Finally, we record the general characterisation of definable sets in terms of closure operations:

Proposition 4.40. The collection \(\mathrm{Def}(\mathcal{M})\) of all definable subsets of all Cartesian powers of \(M\) is the smallest collection closed under: graphs of basic functions and relations; diagonals \(\{(a_1,\ldots,a_n): a_i = a_j\}\); products \(X \times M\); Boolean operations; projections; and taking fibres \(X_\mathbf{b} = \{\mathbf{a}: (\mathbf{a},\mathbf{b}) \in X\}\).


Lectures 24a & 24b: Algebraic and Semi-algebraic Sets

The Geometry of Definable Sets in Rings

In Lectures 24a and 24b the professor stepped back to survey the landscape of definable sets in rings, asking a natural and far-reaching question: given a commutative unitary ring \(\mathcal{R} = (R, 0, 1, +, -, \times)\), what are all its definable sets?

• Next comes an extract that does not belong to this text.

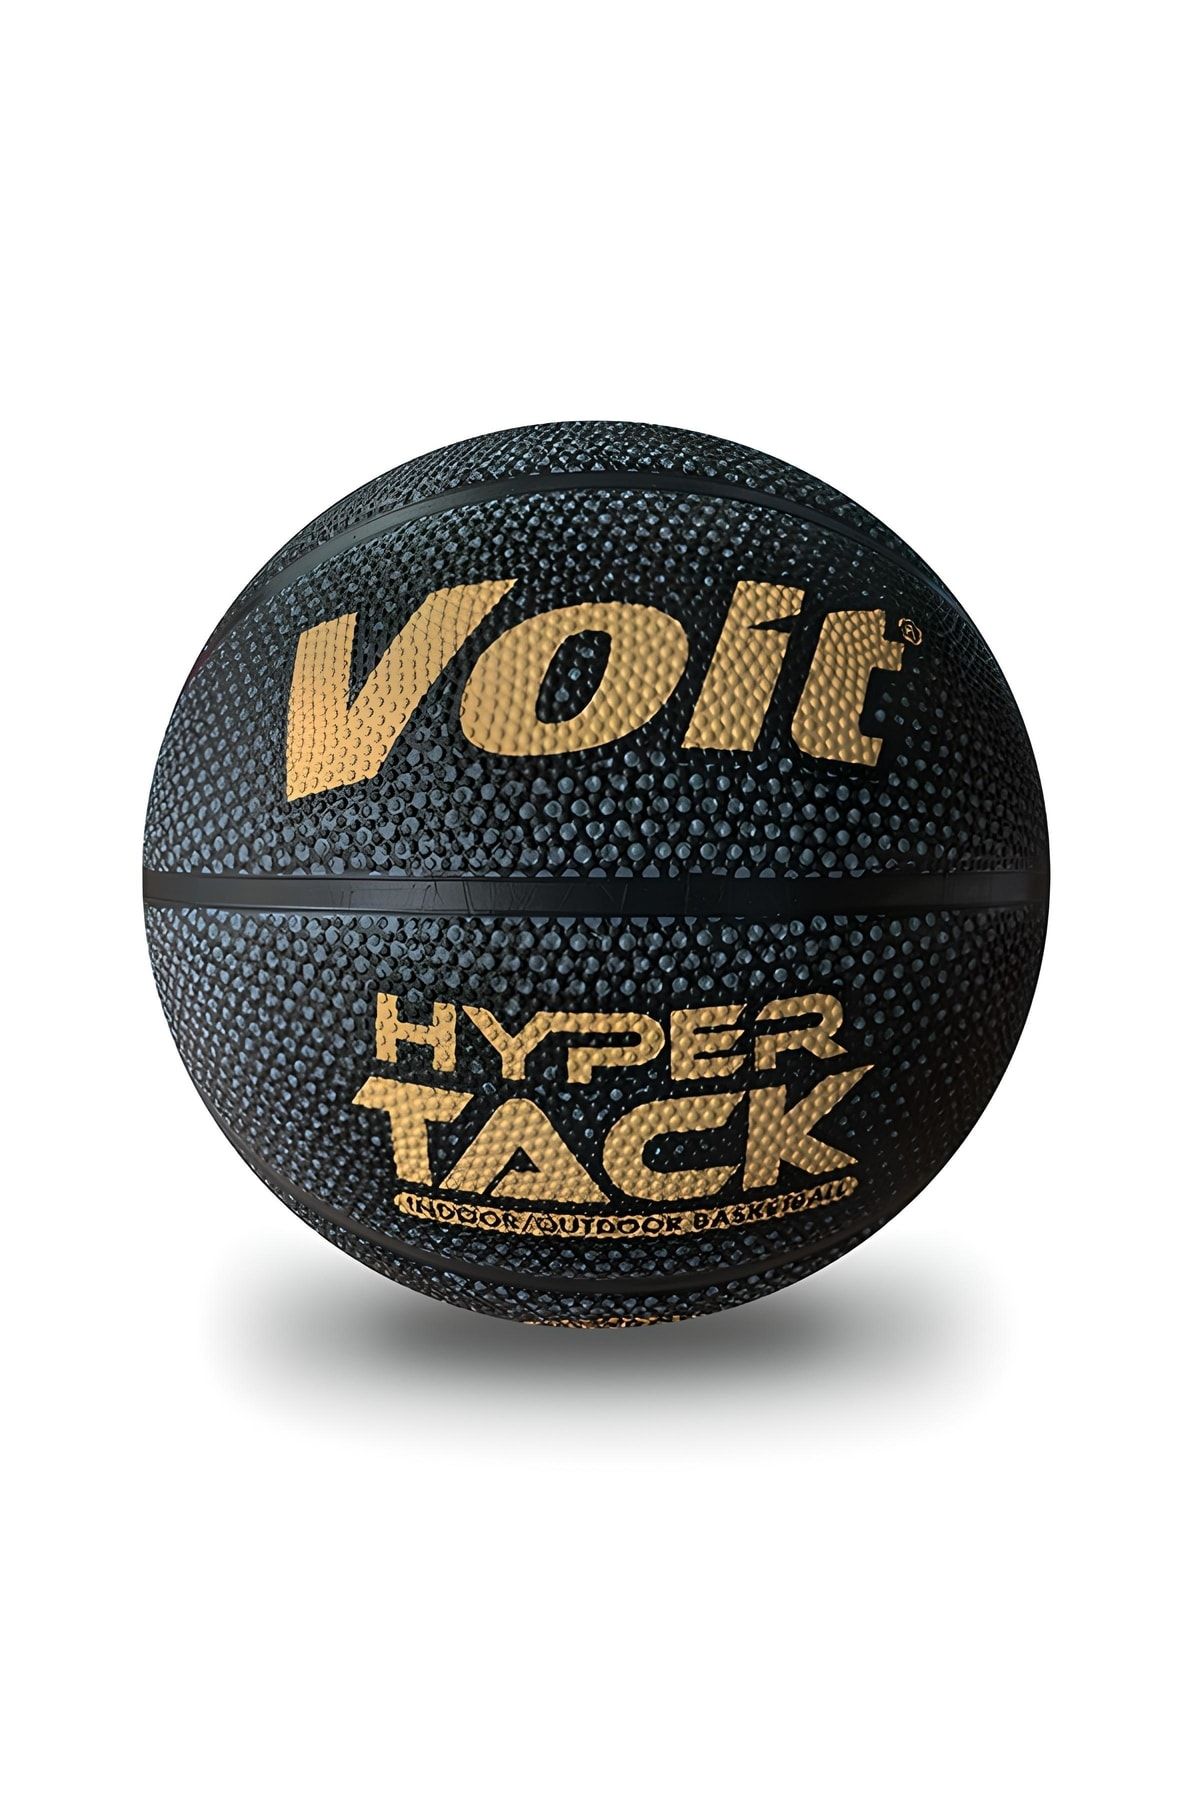 Voit Hyper Tack Basketbol Topu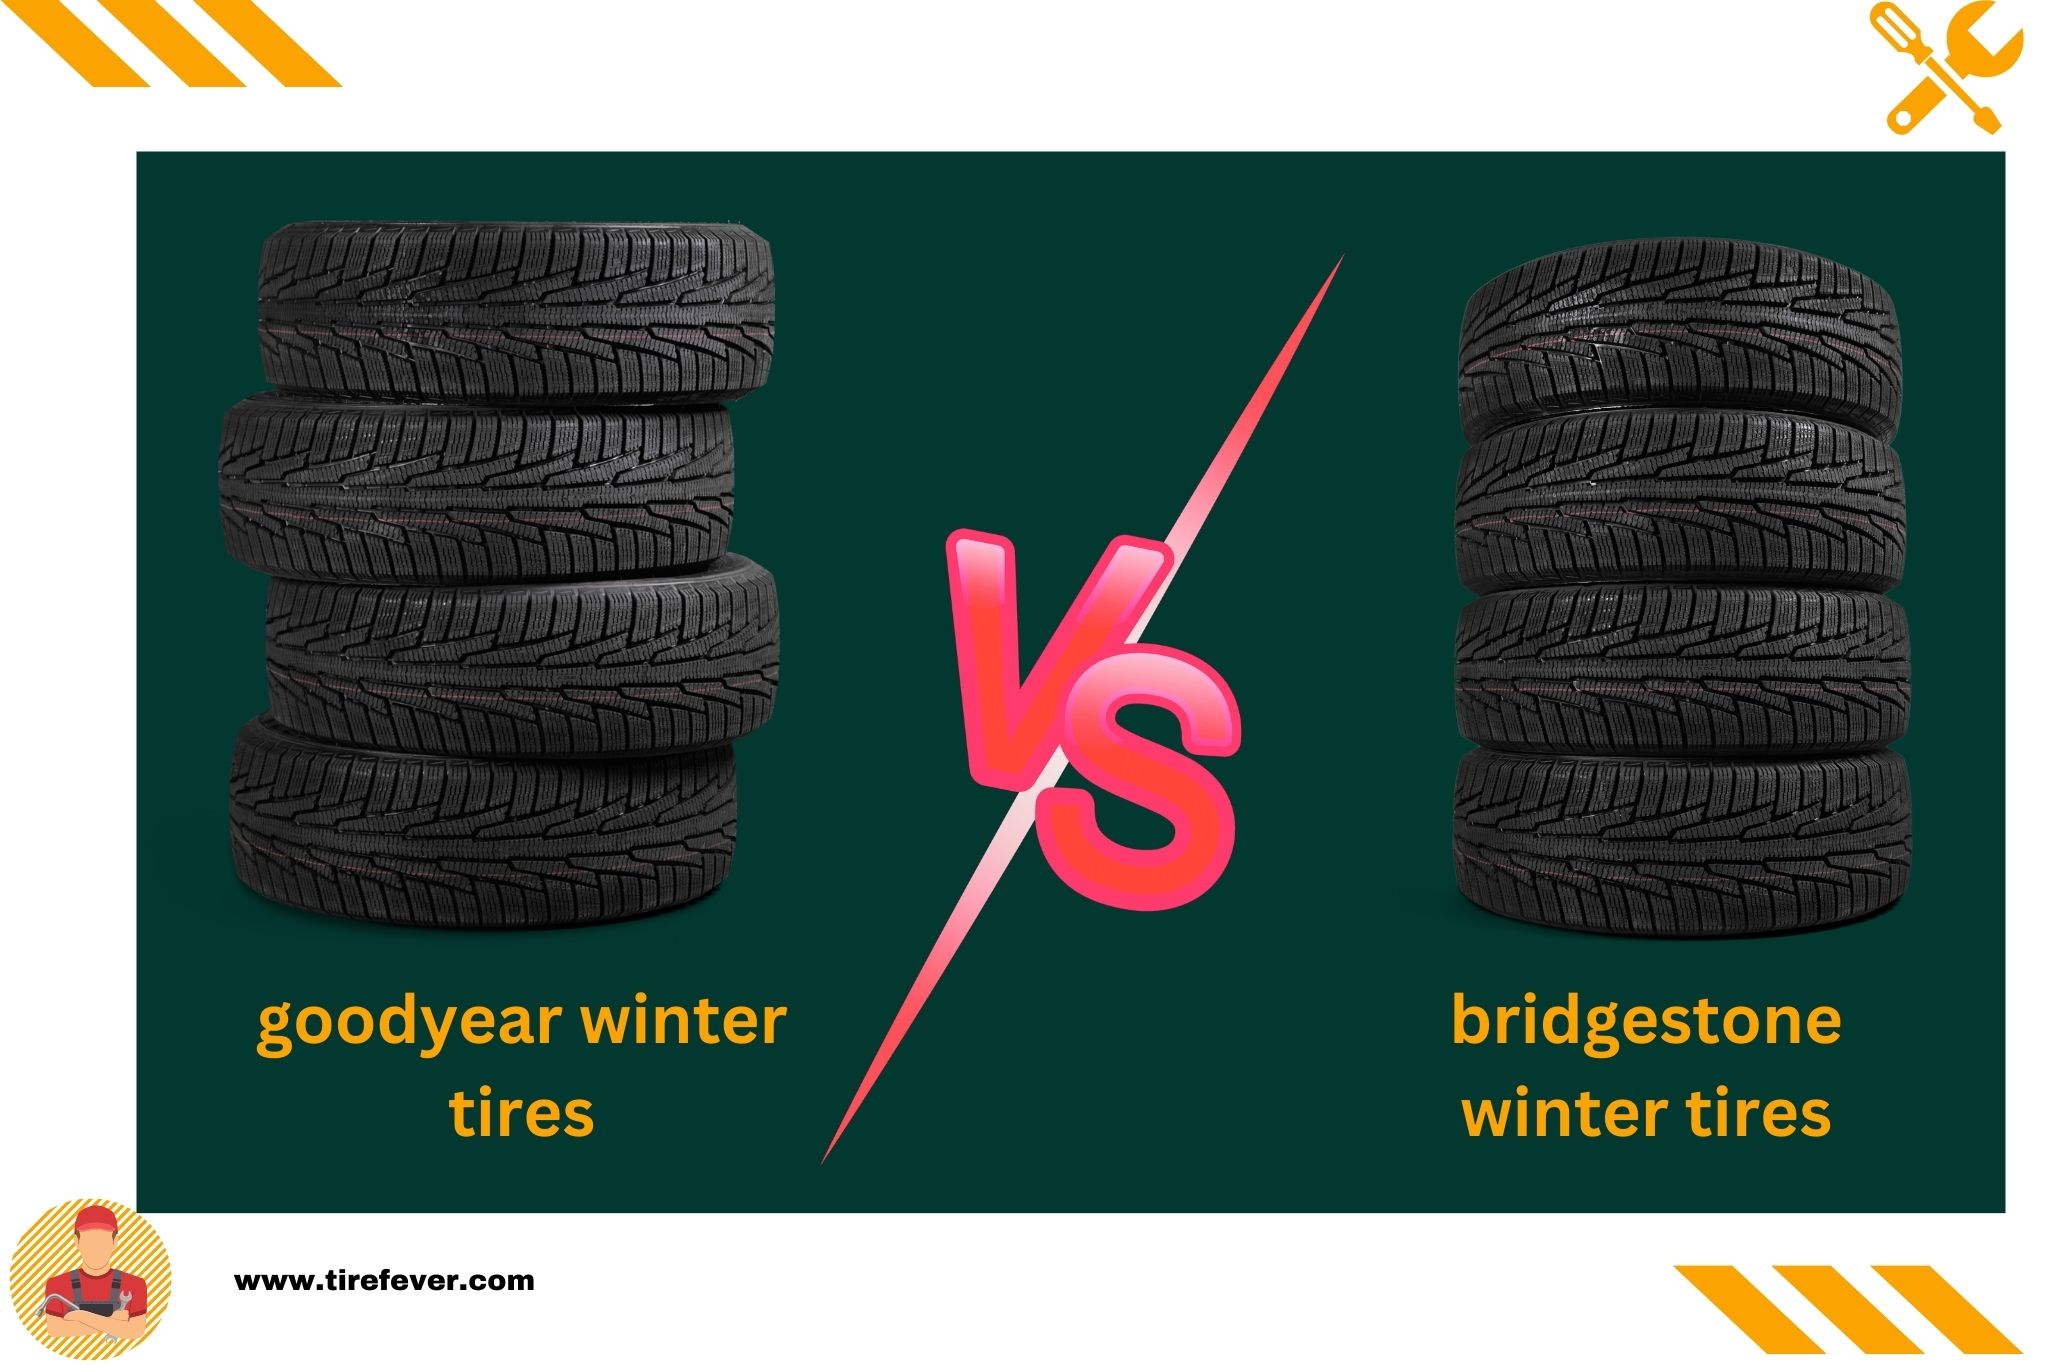 goodyear winter tires vs bridgestone winter tires

\[V(p_1, \ldots, p_\ell) = \{\mathbf{a} \in R^n : p_1(\mathbf{a}) = \cdots = p_\ell(\mathbf{a}) = 0\}.\]

These form the closed sets of the Zariski topology on \(R^n\). Their finite Boolean combinations are the Zariski-constructible sets. The key point (which uses the fact that \(L_R\)-terms in \(n\) variables agree precisely with polynomials in \(n\) variables over \(R\), generalising the homework exercise on integer-coefficient terms) is:

Fact. In any commutative unitary ring, the quantifier-free definable sets are exactly the Zariski-constructible sets.

The argument: atomic \(L_R\)-formulas are of the form \(t(\mathbf{x}) = s(\mathbf{x})\) for terms \(t, s\), i.e., \((t-s)(\mathbf{x}) = 0\) for a polynomial \(t - s\). So the atomically definable sets are the hypersurfaces. Quantifier-free definable sets are Boolean combinations of hypersurfaces. By disjunctive normal form, every such Boolean combination can be written as a finite union \(\bigcup_i (V_i \setminus W_i)\) with \(W_i \subseteq V_i\) algebraic — exactly the constructible sets.

The definable sets in the ring language are at least as complex as the quantifier-free ones. The dramatic question is whether quantifiers can produce genuinely new sets. In two landmark cases, the answer is no:

Algebraically Closed Fields: Tarski’s Quantifier Elimination

Theorem (Tarski, ACF). Every definable set in an algebraically closed field is quantifier-free definable, i.e., is Zariski-constructible.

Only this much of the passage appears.